The increased imports of natural gas will also likely result in reduced urgency among voters for developing New Brunswick’s natural gas resources. Opponents of risking the health of the environment to address energy challenges of the province may see increased, cheaper gas imports as an acceptable direction. The fight in New Brunswick around climate and the environment has seemed less about the global climate crisis, but more about local environmental conditions.

For New Brunswickers to be sold on exploiting natural gas in the province, however, they would have to be convinced that even lower prices for gas can be had from the development of local supply. The lower cost gas produced in New Brunswick may not result in a lower price for consumers. Gas is a tradable commodity with a market-determined export price, meaning prices for gas consumers in New Brunswick would not necessarily be lower in the absence of regulating the price charged by gas distributors and the quantities of gas that producers can export.

Regulating the price, or the ability to export gas, may diminish the enthusiasm of capital for developing the province’s gas supplies.

Furthermore, providing a market for Alberta gas may alleviate the objections of western Canadians to paying equalization to our province while we choose to not to exploit our natural resource base. Now, some of that equalization money will at least flow back to the west through gas sales.

While there are many positives of natural gas imports for potentially reducing energy costs in the province, and for relieving the political tensions around developing our own natural gas resources, the rise in import dependence does create new challenges for the economy.

First off, an increase in imports of any kind for New Brunswick, and the region more broadly, is that we already have what seems to be unsustainable levels of imports. After 2008, imports to New Brunswick increased in value while the value of exports stagnated. Over the 20 years prior to 2008, the province’s trade deficit, i.e. imports less exports, was an average or six per cent of GDP. Since 2008, the excess of imports over exports has been 16 per cent of GDP.

To pay for imports, we need to export, or attract investment, or increase federal transfers, or we need to borrow. Higher gas imports, without an expansion in exports from the province, or an increase in investment, is a problem for the economy since both transfers and borrowing cannot increase indefinitely.

We can develop policies to reduce our consumption of imported goods and services by encouraging the development of local natural gas resources, and more generally seeking to switch our buying habits to local purchases over imports. But, aside from provincial sources of natural gas, import substitution with domestic production will raise prices for businesses and households and reduce consumption. This won’t be an easy sell as New Brunswickers since 1981 have never reduced aggregate consumption.
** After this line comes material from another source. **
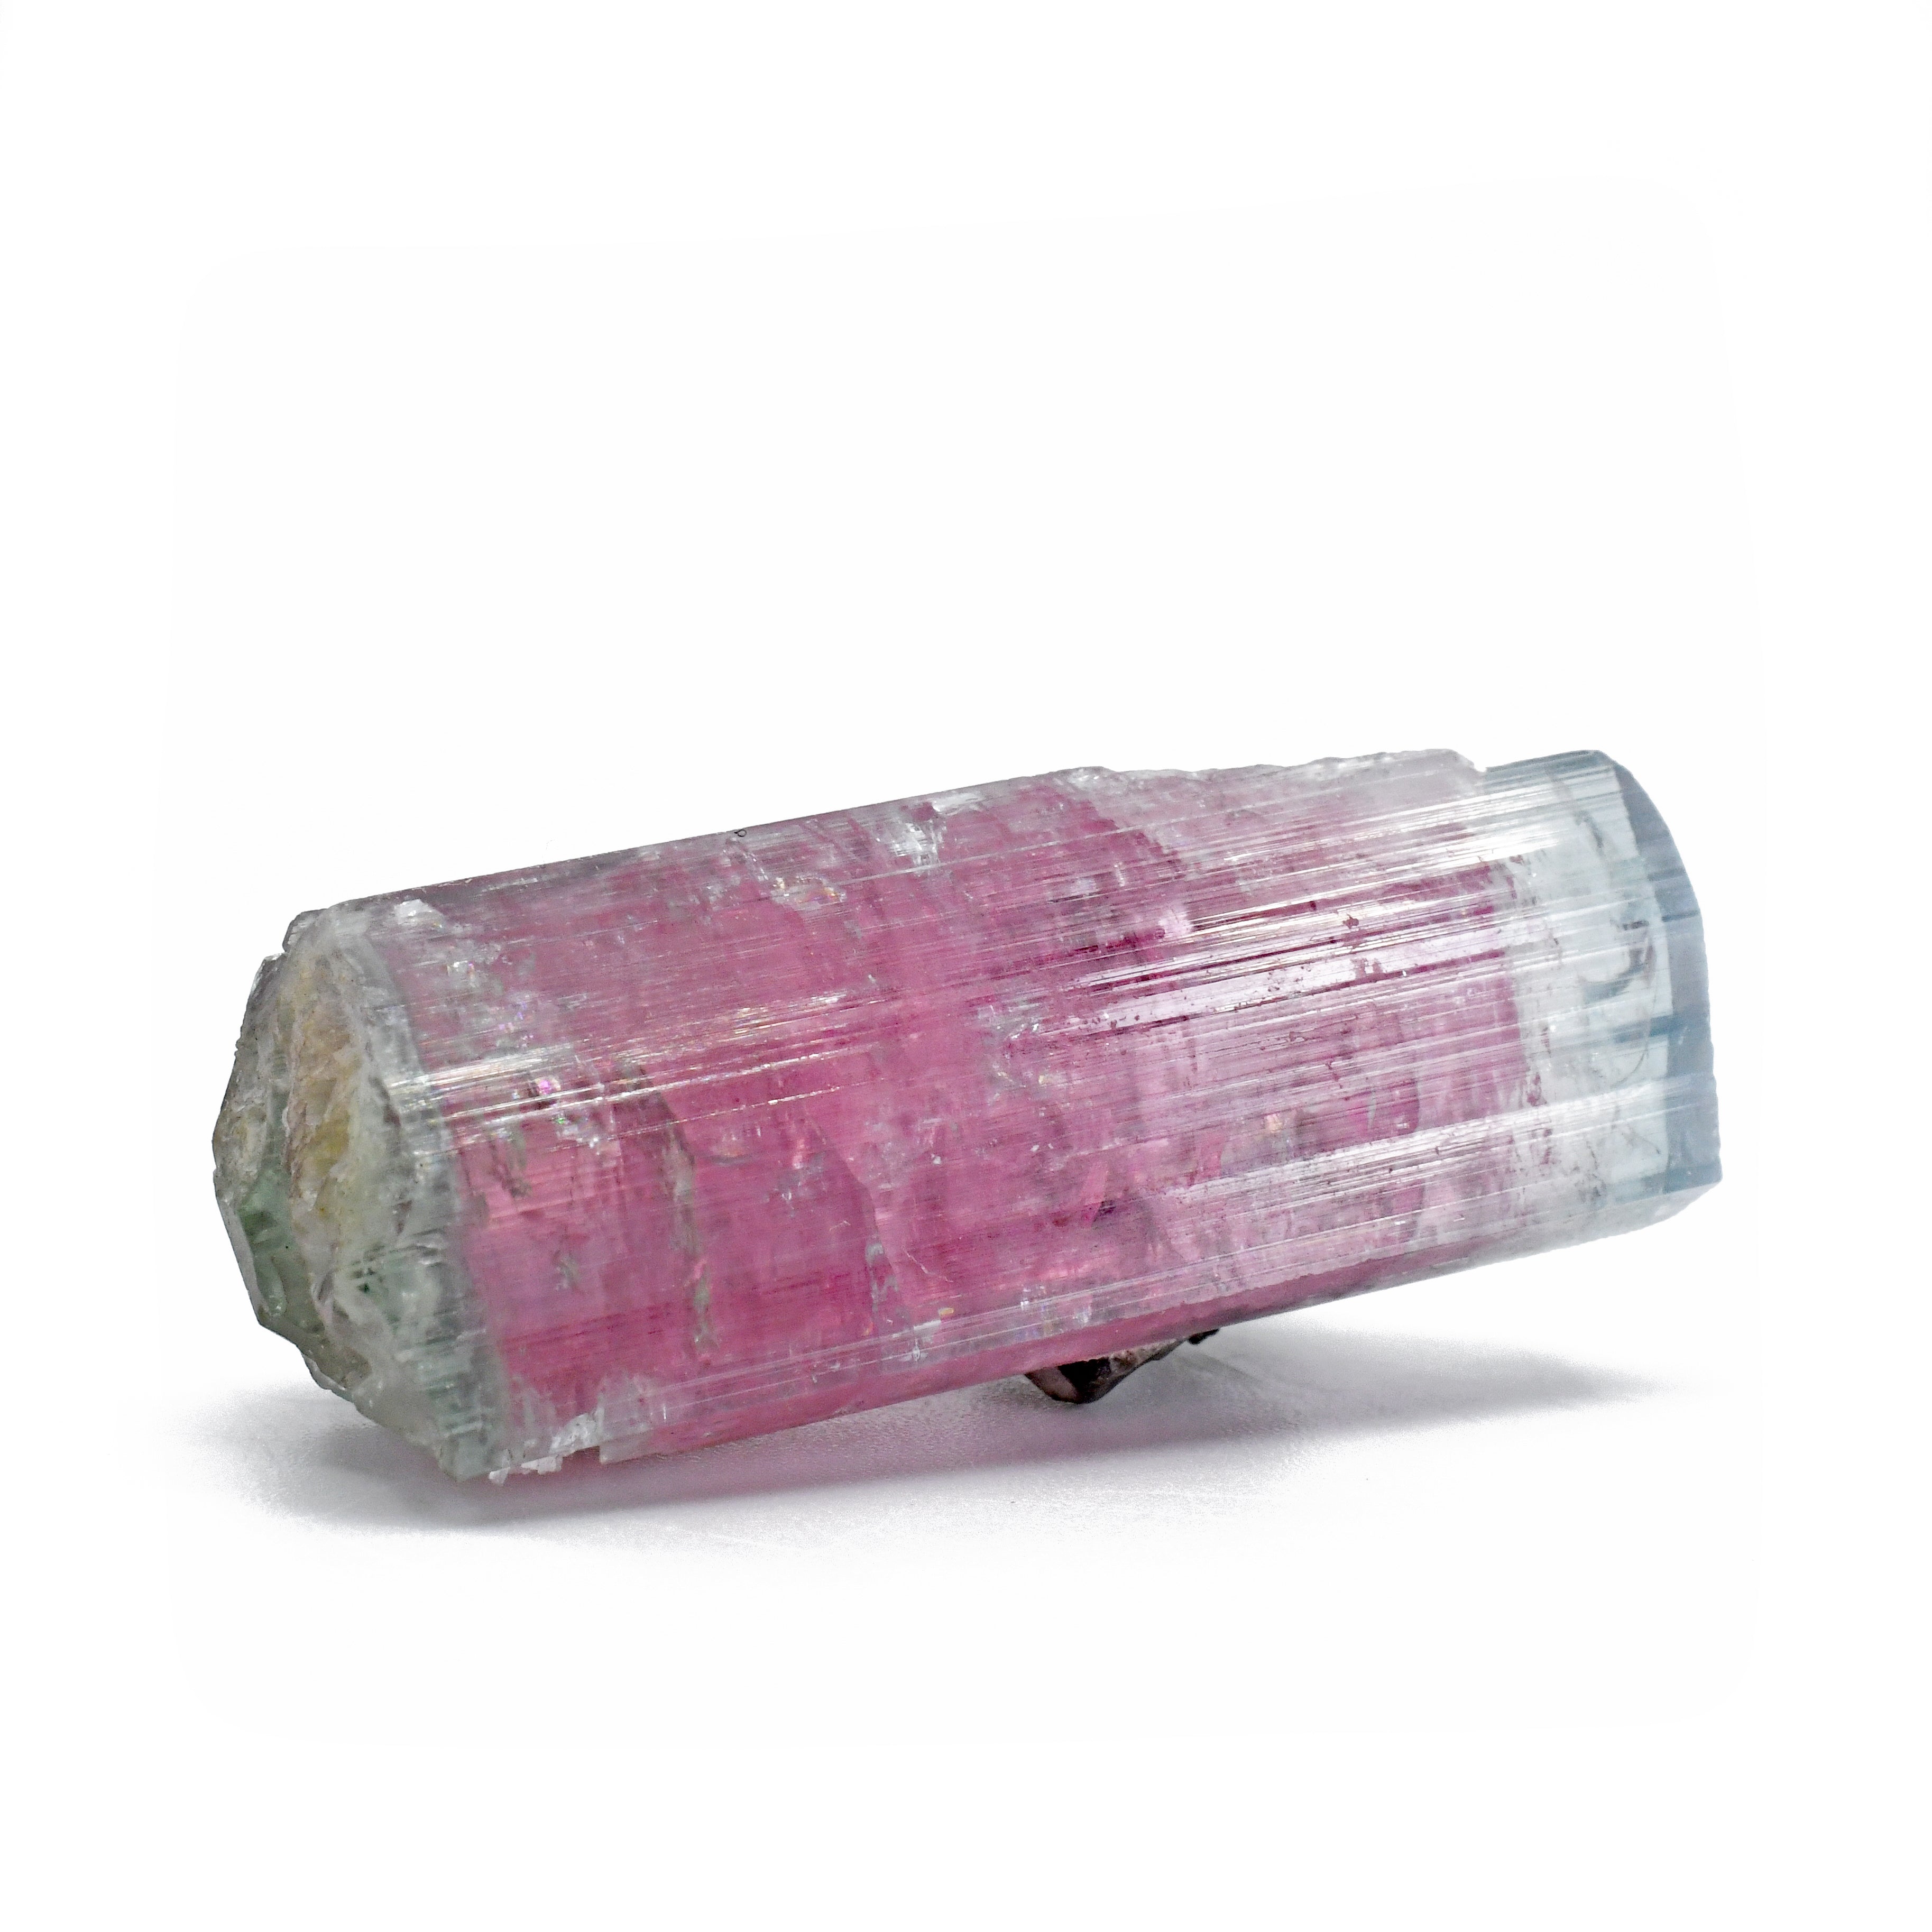 Tourmaline - Pink And Blue Watermelon Tourmaline Natural Double-Terminated Gem Crystal-Pakistan - ZX-406 - Crystalarium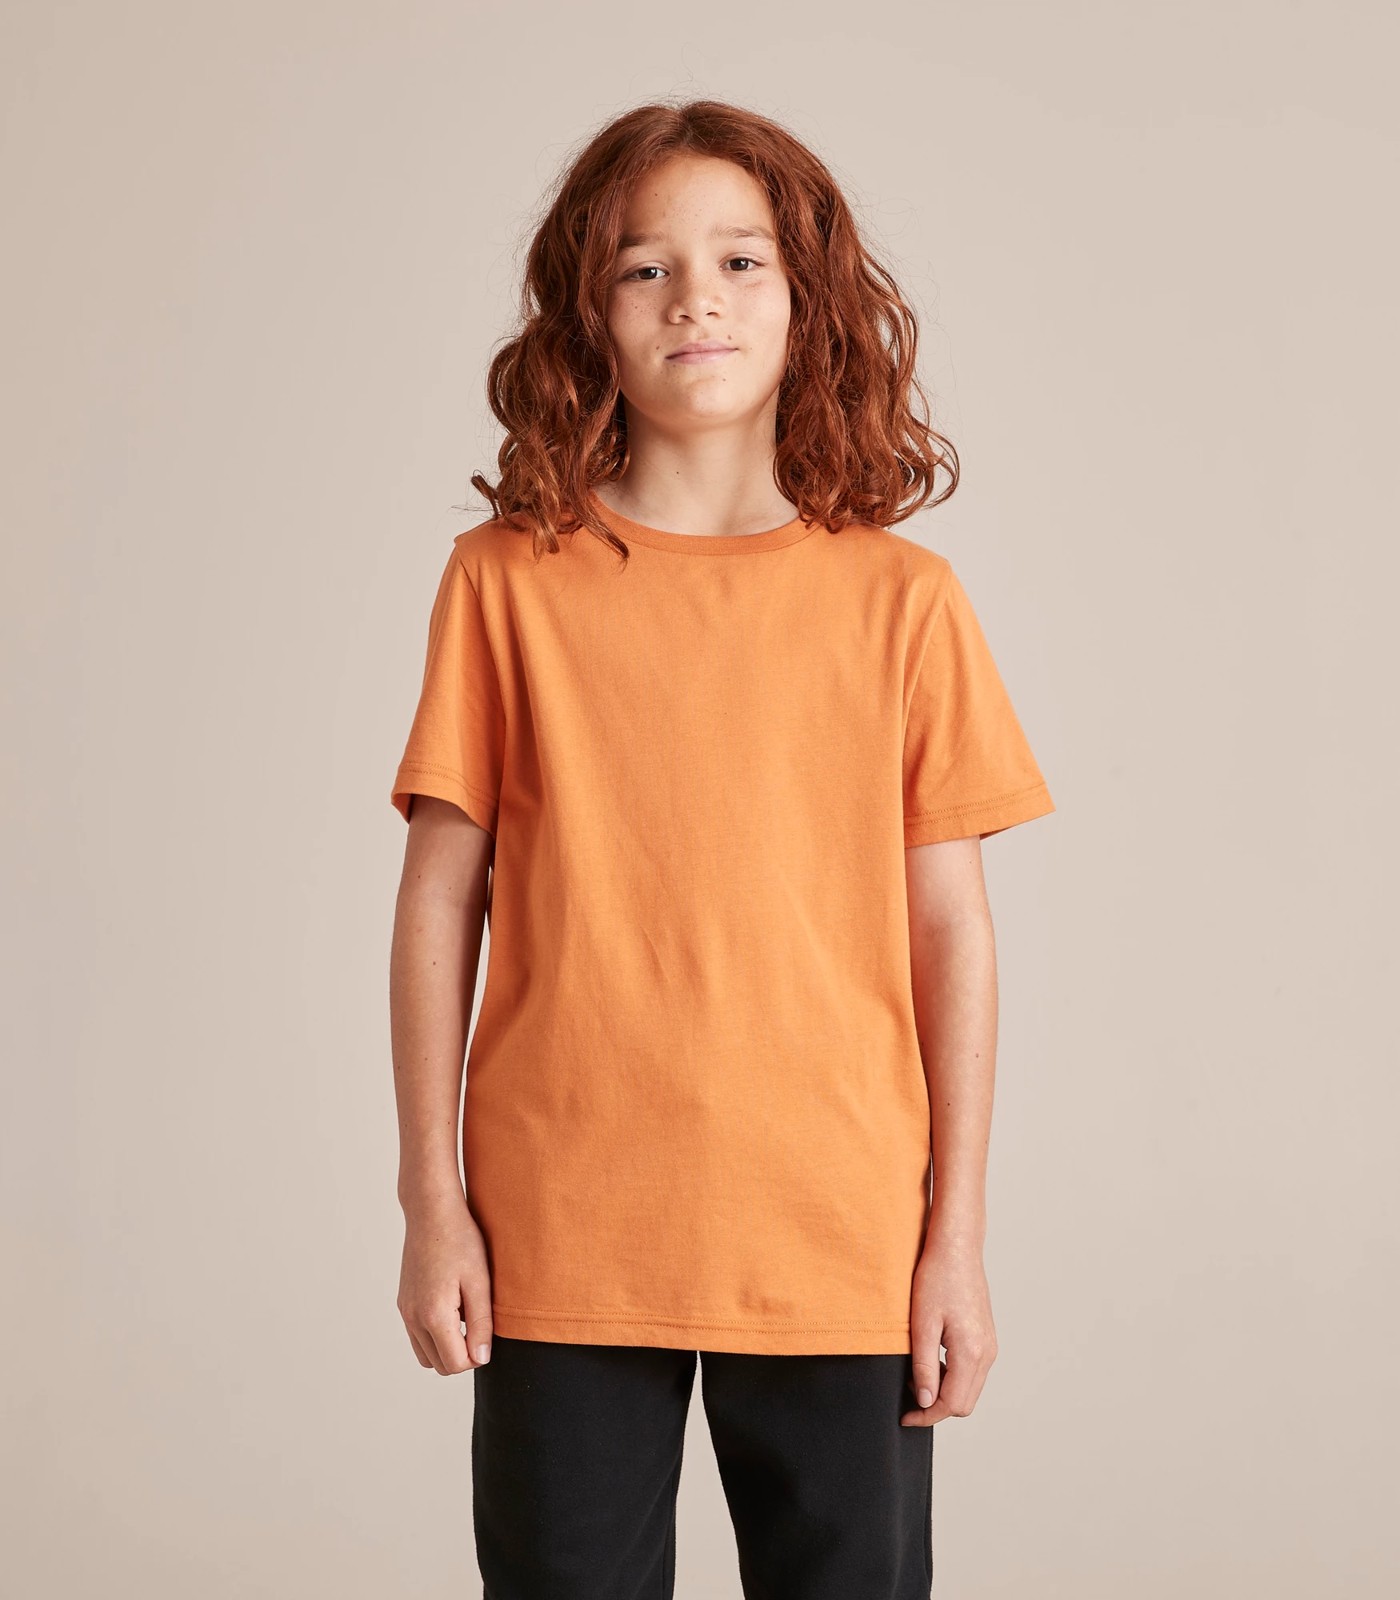 Sleeve School Short T-shirts Cotton | Target Australia

The economic prosperity of the province can only be assured with higher exports and investment. 

We need to leverage the improvements in business conditions that natural gas imports from western Canada will offer by looking for further policy and regulatory changes to increase the competitiveness of exporters in our province.

The traditional strengths of New Brunswick in manufacturing, transportation and trade are still working for us. We just need to let them do more. 

Herb Emery is a Brunswick News columnist and the Vaughan Chair in Regional Economics at the University of New Brunswick.

This article first appeared in Brunswick News publications – Feb. 27, 2019

The JDI Roundtable on Manufacturing Competitiveness in New Brunswick is an independent research program made possible through the generosity of J.D. Irving, Ltd. The funding supports arms-length research conducted at UNB.